西暦、綱文、書名から同じものの一覧にリンクします。

前IDの記事 次IDの記事

項目 内容
ID J00006748
西暦(綱文)
(グレゴリオ暦)
1596/09/05
和暦 文禄五年閏七月十三日
綱文 文禄五年閏七月十三日(西暦 1596,9,5)
書名 〔耶蘇会日本年報〕
本文
一五九六(慶長元年)日本に於ける奇怪について
一五九六年(慶長六年)十二月二十八日
附長崎発ルイス・フロイス書翰〇一五九九年ローマ出版
アリマドノの伯父にてジョヴアンニと呼び古き切支丹にてかつ耶蘇会のため尽力せる人あり。此度の地震に際し堺の市に在りしが、われら伴天連の許に次の如く書き送れり。
「九月四日当市に於て恐ろしき大地震あり約三時間が程絶え間なく続けり。この間目に映るものとては、ただ人家壁屋根或は異教徒の寺院その他建物の倒壊する悽惨なる光景のみ。此等のものが樹木又はその他の家屋の上に倒れかゝりたる時、偶夜中なりしかば、恰も世界が根本より破壊するかと思はれたり、翌朝になりて見れば、数多の街路の交叉せる大通を除きては通といふ通は総て狭きが故に、到る処に倒壊せる家屋木材屋根石塀などの為に塞がれ、通行することも出来ぬ有様なり。昼となりては見る人の心を一入痛ましむ。夜中に叫び悲鳴を挙げし男女の声、幼児の泣けるは、地下に埋れてなほ命を有し、或は家の下敷になりたる者が助を求めるなり。されど異教徒達はその隣人に尽すべき憐憫の力を有せず、また同情の内的感動を有せざるが故に、たゞ友人を有し或は助を与へて掘り出し得る人々を有する金持、または権家のみが助けられ、危険を免かれたれど、貧しきものは声を限りに呼べど叫べどそれは聞かれず、すべての救も人の助もなく、命あるものも涙の中に呻吟と助なき叫の中に生命を終りたり。
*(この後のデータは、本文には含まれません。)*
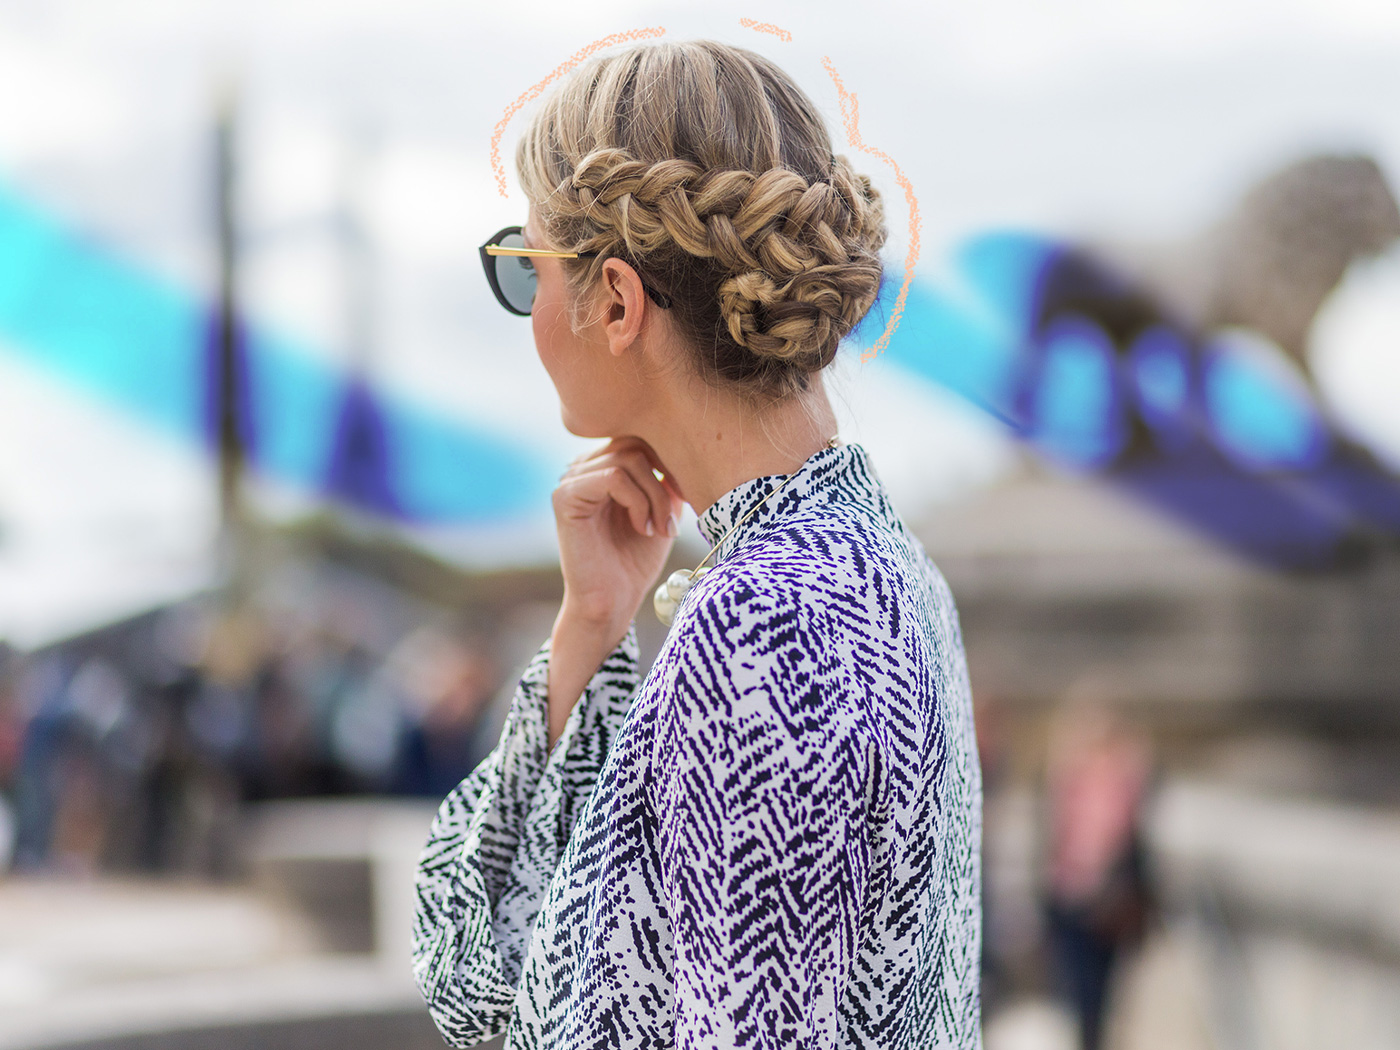 Καλοκαίρι σημαίνει πλεξίδες στα μαλλιά! 5 video tutorial για να μάθεις να τις κάνεις

自己の痛ましさと目前の恐ろしき光景の恐怖に満たされ、人々は殆ど総て狂し他を顧るのいとまなく、助を呼べる妻子をさへ救ひ出すすべも知らざりき、最初の危険より遁れたる人々が、偶本然の愛情にひかれ再びわが家に帰りて妻子を救ひ出さんとすれば、己れより他の者は悉く死して生き残るものは一人もなかりき、」
当時ドン・プロタシオ・有馬殿は堺にあり、支那の使臣を訪ねんとて早朝出で行きしが、その家の前の道は倒壊せる壁によりて塞がり、その上には数限りなく木片瓦重りて、行くこと能はず、止むなく家に引き返へせり。イゥケキ(沈惟敬)の支那従者の死せるもの二十人以上なるを知れり。而してその後ある書翰により堺市にて死せる者六百人以上なることを知れり。市の破壊の甚だしき、地震が僅か三時にて破壊せるものを、新たに建つるには五年かゝるも十分ならずといふ。
ヂエゴ・フンムブリアリォクェイ(日比屋了慶)Diego Fimbria Rio−quei(最も古く立派なる切支丹にて慎深く徳高く神を恐れ耶蘇会のために尽し堺の領主ジョセッポ殿の義父)は瓦葺三階の家を造りしが、此家は三十年以上も教会として、はた我等伴天連の宿所として用ひられ、此処に弥撒が唱へられ、或は切支丹のため聖奠取り行はれたり。此度の恐ろしき地震の際すべての人はその家より遁れ出でたるに、彼のみは一人恰も神を識り聖き物の滅亡に遇ひたる古人の如く、己が妻と幼児と彼と共に居りし甥達を連れ外に遁れ出づることなく、その家に立てられたる聖壇の前に跪き神が加護を現じ給ふやう、また神を愛し神を恐るゝ切支丹を其の親の如き摂理に依って守り給ふやう祈を捧げぬ。彼がその家族と共に祈れる間に近傍の家は次より次へと倒れたるに係らず、その家のみは少しの損害を受くることもなく平然と立てり。洵に大なる奇跡にして堺の人々は驚きあへり。
出典 [古代・中世] 地震・噴火史料データベース
ページ
備考 [古代・中世] 地震・噴火史料データベースでは史料等級で分類しています。本データベースでは史料等級の低いものも表示しており、信頼性の低い史料や記述が含まれている場合があります。